The Tumut Blues saved their best for when it mattered most, slaying perennial Group 9 powerhouse South City 28-4 in a sublime grand final display at McDonald’s Park.
Jubilant players were mobbed by euphoric fans after the siren sounded as the tight-knit club celebrated the end of nine long and often lean years since their previous triumph.
Stung by a try to brilliant Bulls five-eighth Nathan Rose in the 15th minute, the Blues soon grabbed the upper hand on the back of a powerhouse performance from their vaunted forward pack.
Man of the match Lachlan Bristow got the ball rolling with a slashing solo try midway through the first half and he doubled up five minutes later, this time with a show of strength from close range as Tumut took a handy 12-4 lead into the break.
The Blues pack then turned up the heat in the second half to leave Southcity stranded.
Barnstorming prop Zach Masters bullocked his way across five minutes into the half to extend the lead, before Ben Roddy kept up his tryscoring exploits for a 22-4 advantage at the 50 minute mark.
With the Blues forwards at times making upwards of 70m in a set of six, it was no surprise to see Lachlan Bristow nab his third and at 28-4 the result was all but beyond doubt, with 25 minutes still to play.
Southcity had little fight left as Tumut took its foot off the pedal, able to soak up the significance of their achievement whilst still on the field.
Co-captain-coach Dean Bristow said the game could not have played out any better for his team.
“We’ve been building nicely over the finals series and to put it all together on the big day means the world,” Bristow said.
“We’ve probably played our best game of footy in I don’t know how long. It’s just unbelievable.”
A local junior whose family involvement in the club goes back generations, Bristow is proud to have played a part in getting Tumut back to the top.
“It’s honestly the best feeling in the world.” he said. “All I wanted to do growing up is to play first grade for Tumut and to co-coach a premiership team is beyond my expectations.”
The elusive fullback had to endure one of the worst seasons the club has ever recorded in 2016, when he moved back to his hometown from the south coast.
He admits the disappointment of that year has been a driving force.
“It honestly broke my heart moving home in 2016 to see the club I once loved in such a sad state of affairs,” he said. “It has been a mission of mine to turn that around.
“I’ve had countless conversations with Adam (Pearce) and that was a driving factor … we wanted to rebuild this club back to where it was.

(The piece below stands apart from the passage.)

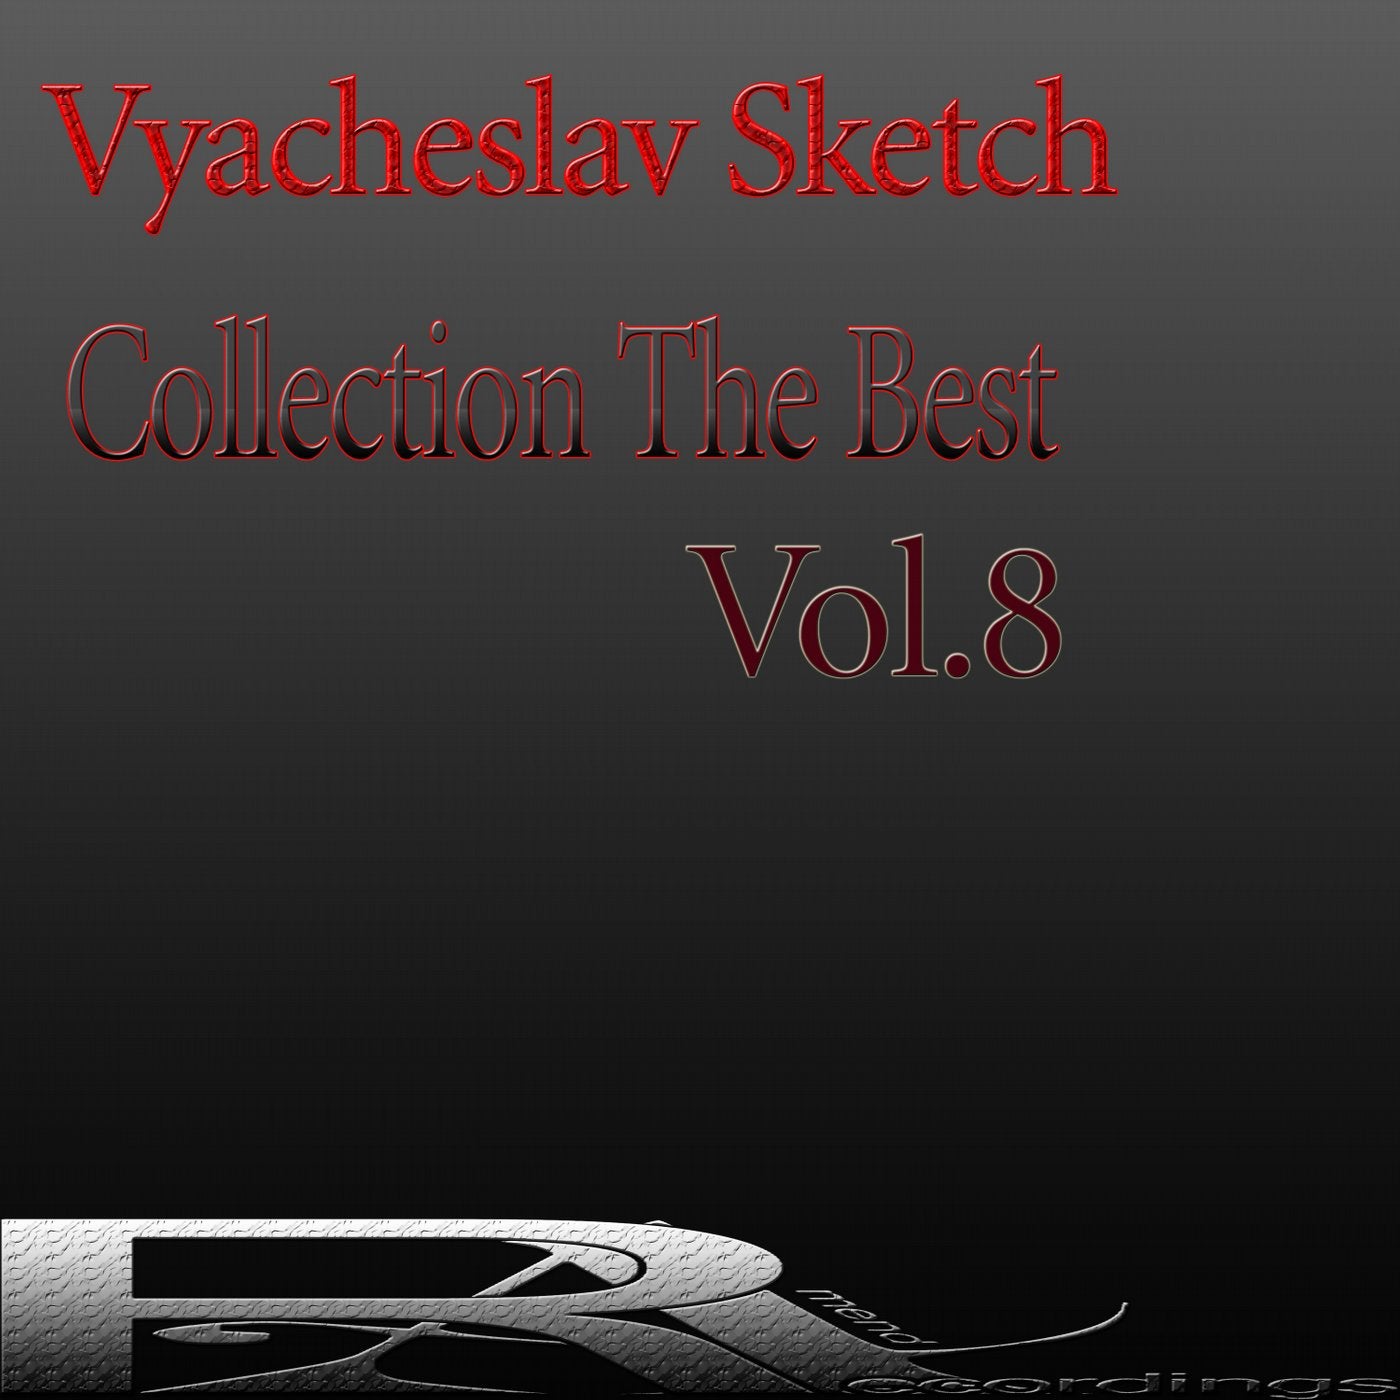 Collection The Best, Vol.8
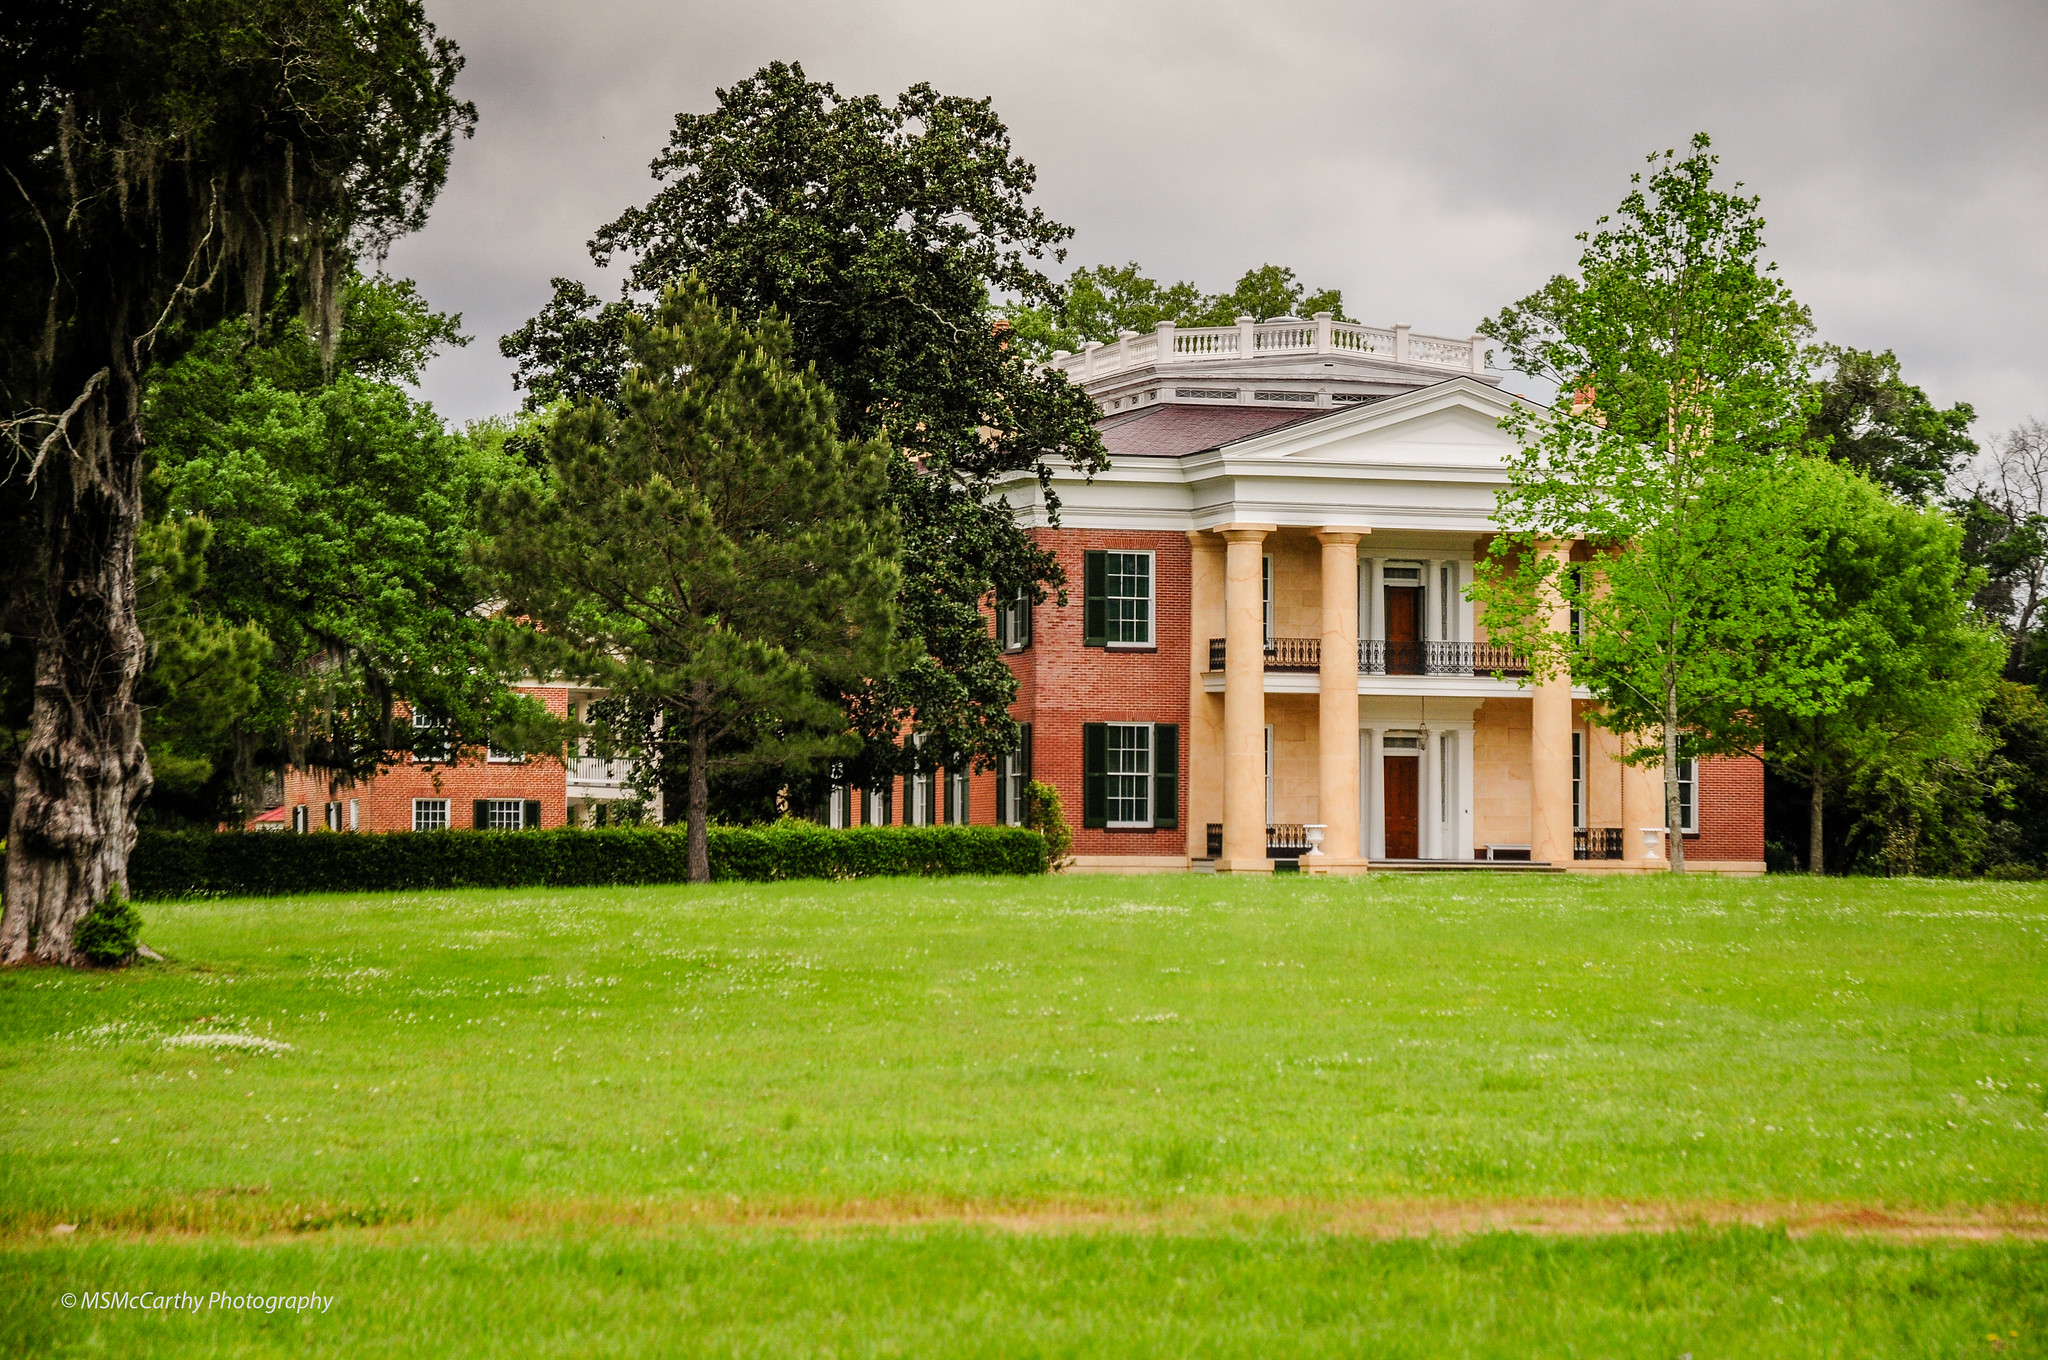 15 Things to do in Natchez, Mississippi

It’s been a lot of work, but we’re finally back at the top.”
The Tumut co-captain-coach said an emphasis on culture was the backbone of the club’s resurgence.
“What I grew up loving about the club was players ripping in for the jumper and your mate,” he said.
“We have a great group of local players, and those not from here have bought into that culture. The end result is today … we’ve held a team that’s dominated this competition for a number of years to just four points, and run away with the grand final.”